I'm not being picky with their numbers, but there must be something I'm missing, or my math is bad.

If the formula for finding Cft is:  Length X Width X Height, when I calculate 50MMcf per acre this is what I get:

207(L) x 207(W) x 1162 would give about 50,000,000.

Is this HS formation really this thick (1100 ft.)???

And this thickness would be much thicker even, allowing for the shale that is also there right??

 

Please help me understand.

Permalink Reply by Coyote Ugly on April 23, 2011 at 10:07

Les B

I was playing with their numbers and maybe I don't understand something.  I got to wondering how thick the HS would have to be to contain 50MMcf.  According to my calculations (L x W x H), the formation would have to be 1100 ft. thick if there were nothing but gas there.  Is the gas in a compressed state or something?

Please help me to understand.

CU

Permalink Reply by Les Bamburg on April 23, 2011 at 14:42

CU, the natural gas in the formation is at a pressure of ~ 10,000 psia.  The original gas in place is +/- 200 Bcf per section.

 

By the way, the net thickness of the Haynesville Shale is about 150 to 200 ft and the porosity is 8% to 12%.  I do not know an appropriate water saturation level.

Permalink Reply by Coyote Ugly on April 24, 2011 at 1:23

Let's see if I understand.  The space occupied by a container that is 207' x 207' x 200' is 8.6 mil. cu. ft.  The volume of gas that theoretically occupies this same space is 312.5 mil. cu. ft. (200Bcf / 640).

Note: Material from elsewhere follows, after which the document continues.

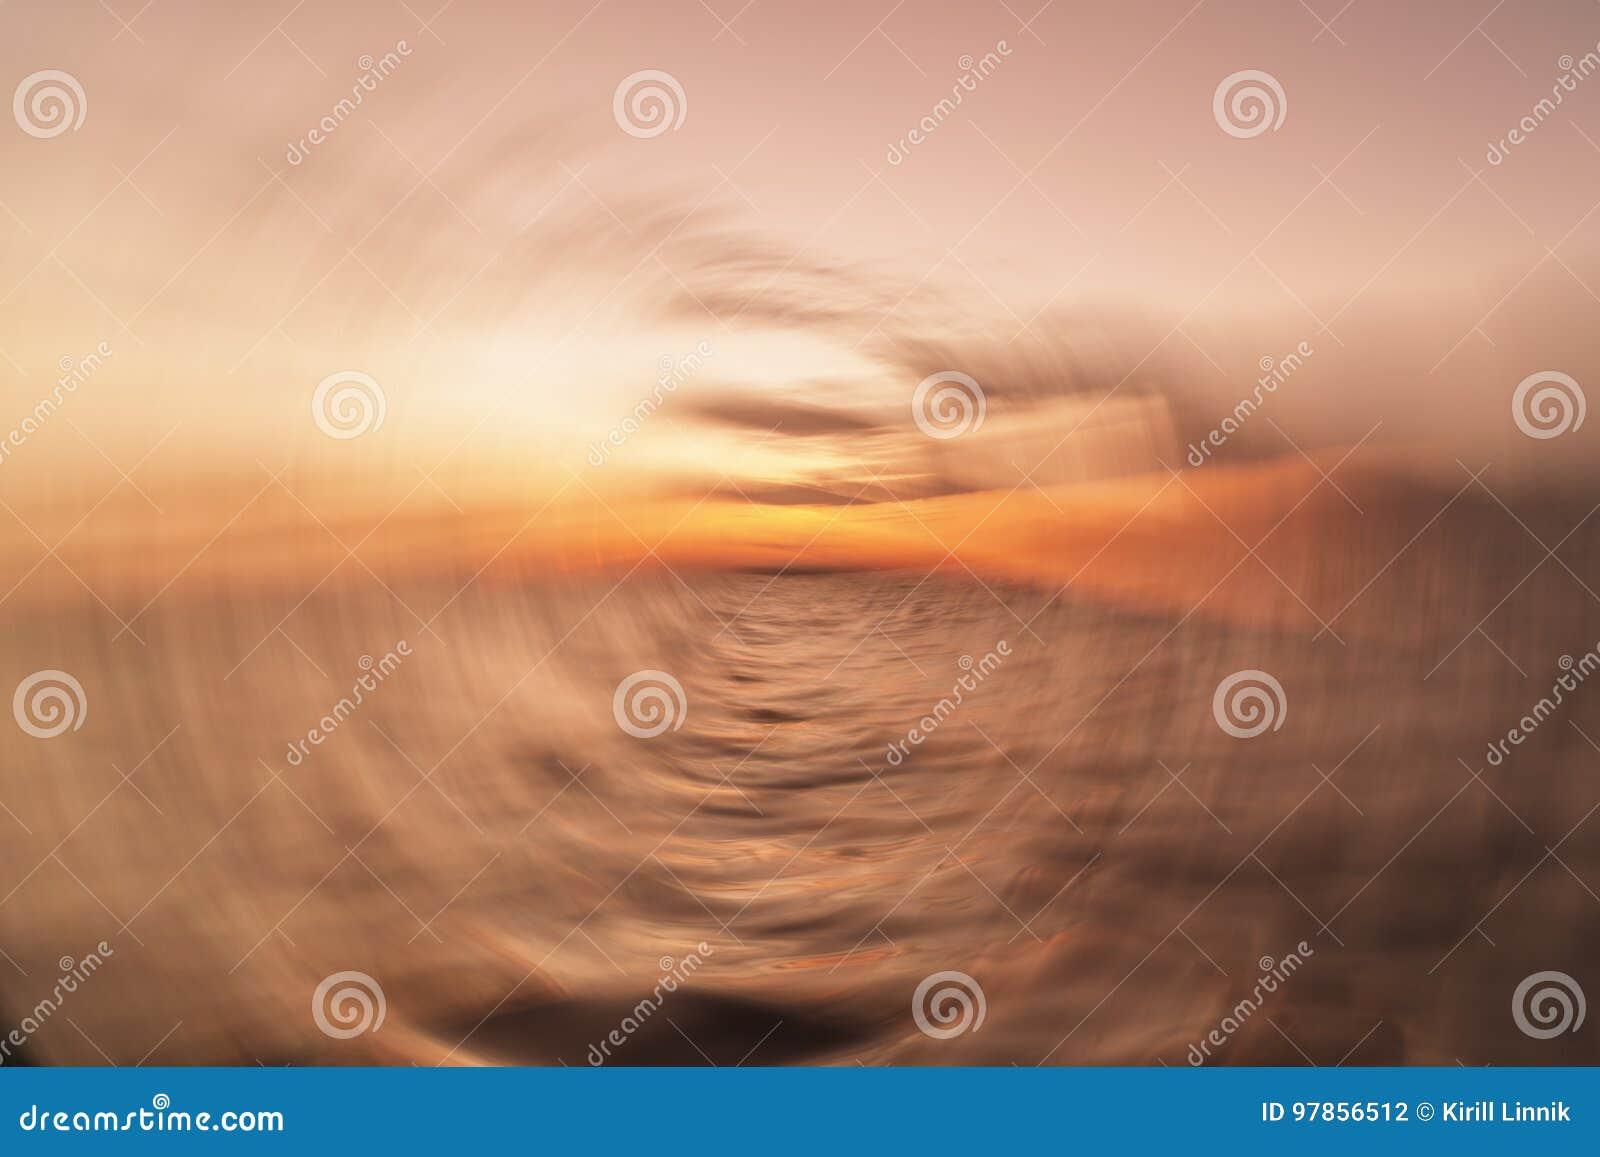 Download Illustration of a seasick stock photo. Image of bali - 97856512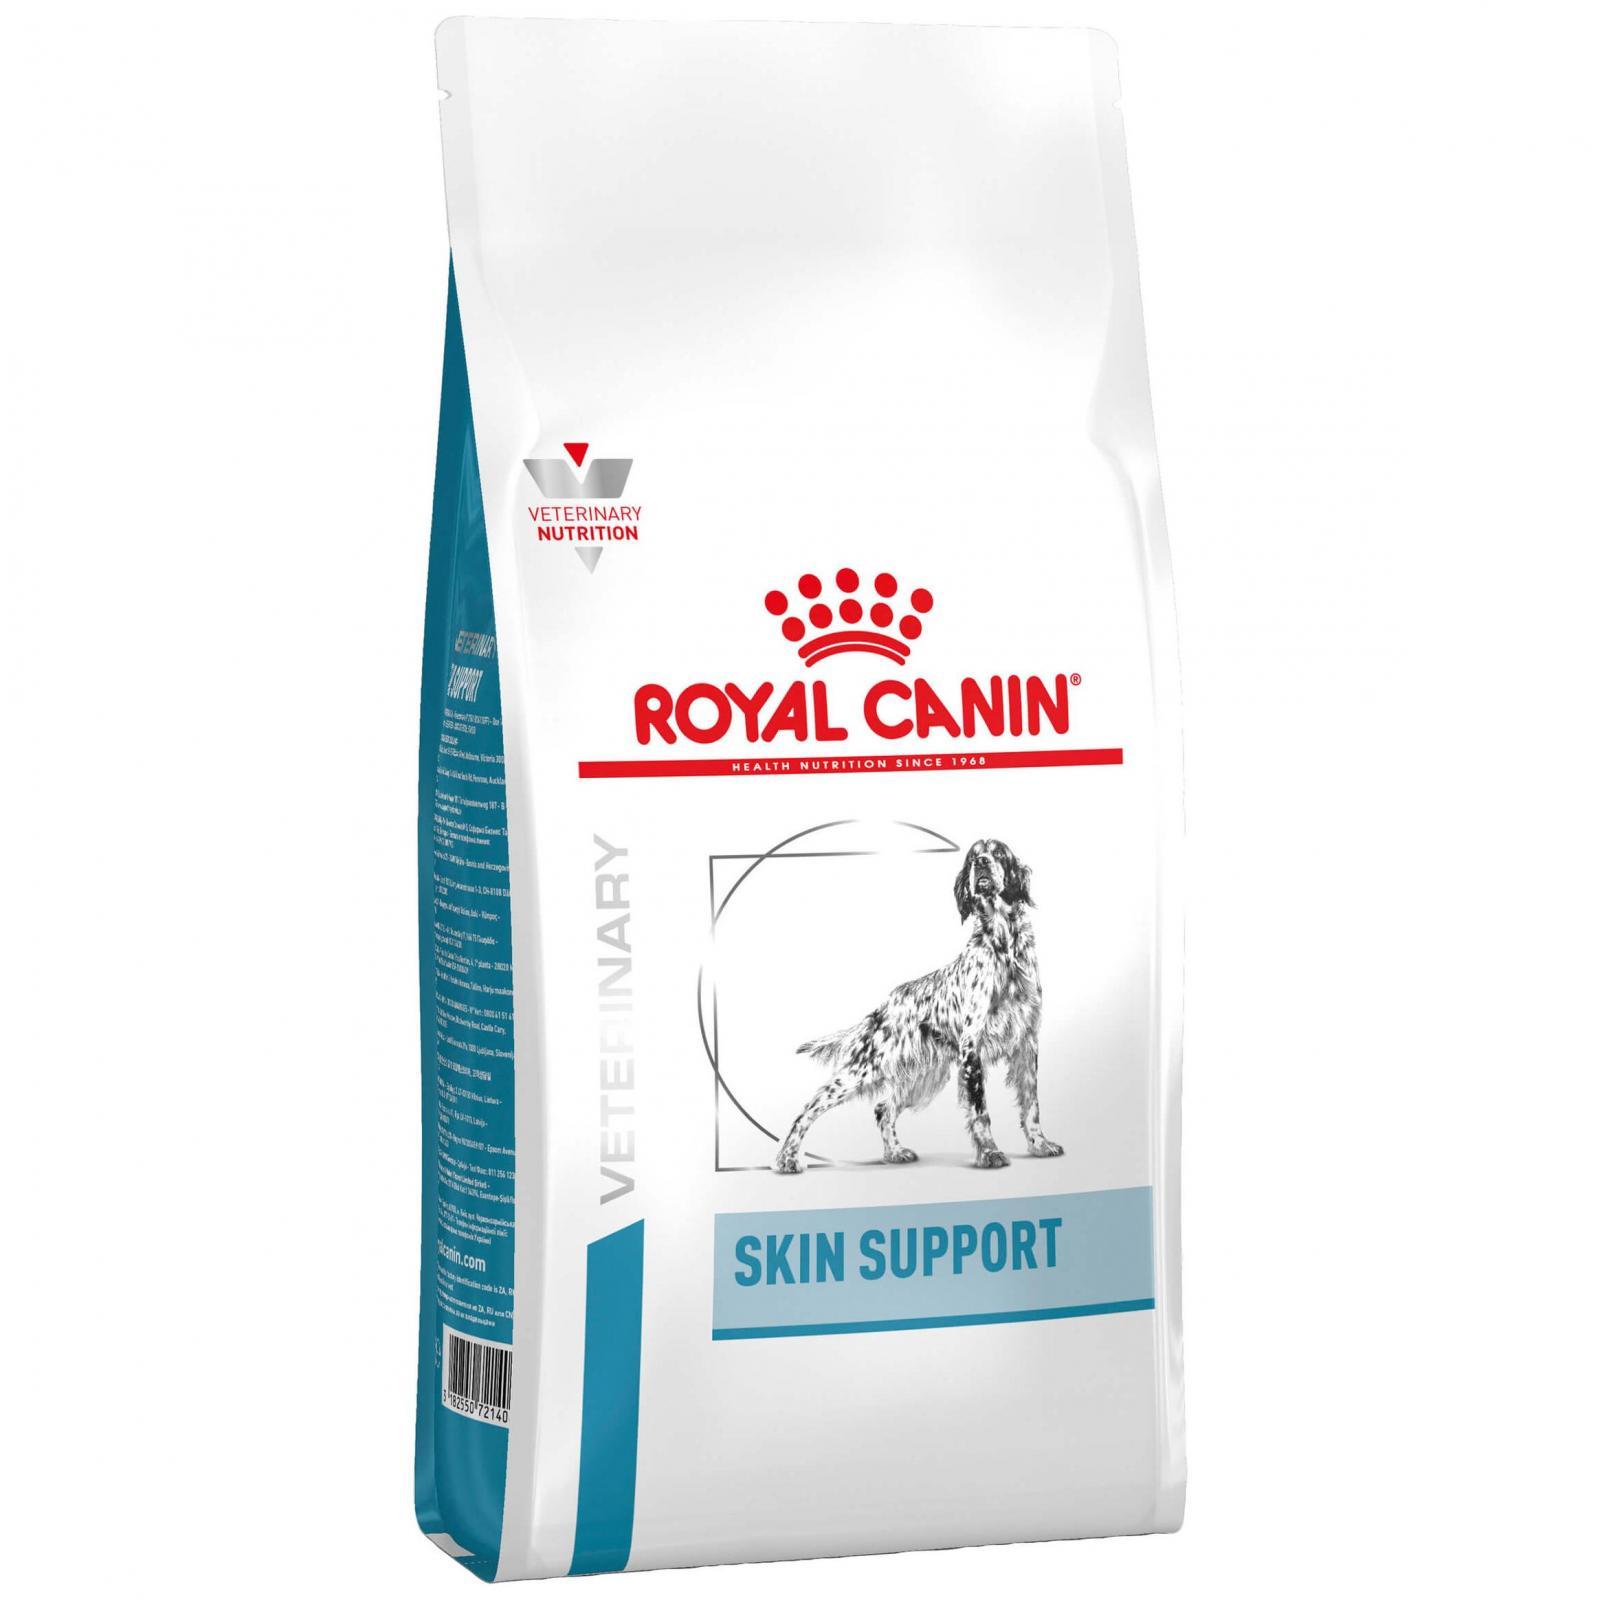 Prescription Dog Food >> Royal Canin Canine Dry Skin Support

So, is this a true statement?  The reason 312.5 mil. cu. ft. can occupy a space of 8.6 mil. cu. ft. is because of the 10,000 psia.??

Sorry I'm so dense, but I really want to plow through this til I understand it.  So, don't abandon me please.

Thanks again,

CU

 

Permalink Reply by dbob on April 24, 2011 at 3:08

CU, 

 

10,000 psia = about 680 atmospheres of pressure.  every time you double the pressure, you halve the volume a gas occupies.  So, if something is 312.5 mmcf at the surface (1 atm), and you increase the pressure to 2 atm, the gas occupies roughly 156.25 mmcf.  At 4 atm, it occupies 39 mmcf, at 8 atm, 9.7 mmcf, at 16 atm 4.9 mmcf and at 32 atm, 2.4 mmcf of space.  You can keep going down that road, and eventually, you'll  get down to the point that the amount of space the gas occupies is very small.  Purists will note I'm ignoring temperature here..  

 

Anyway, to a large degree, the initial pressure tells a lot about how much gas can expected to be recovered.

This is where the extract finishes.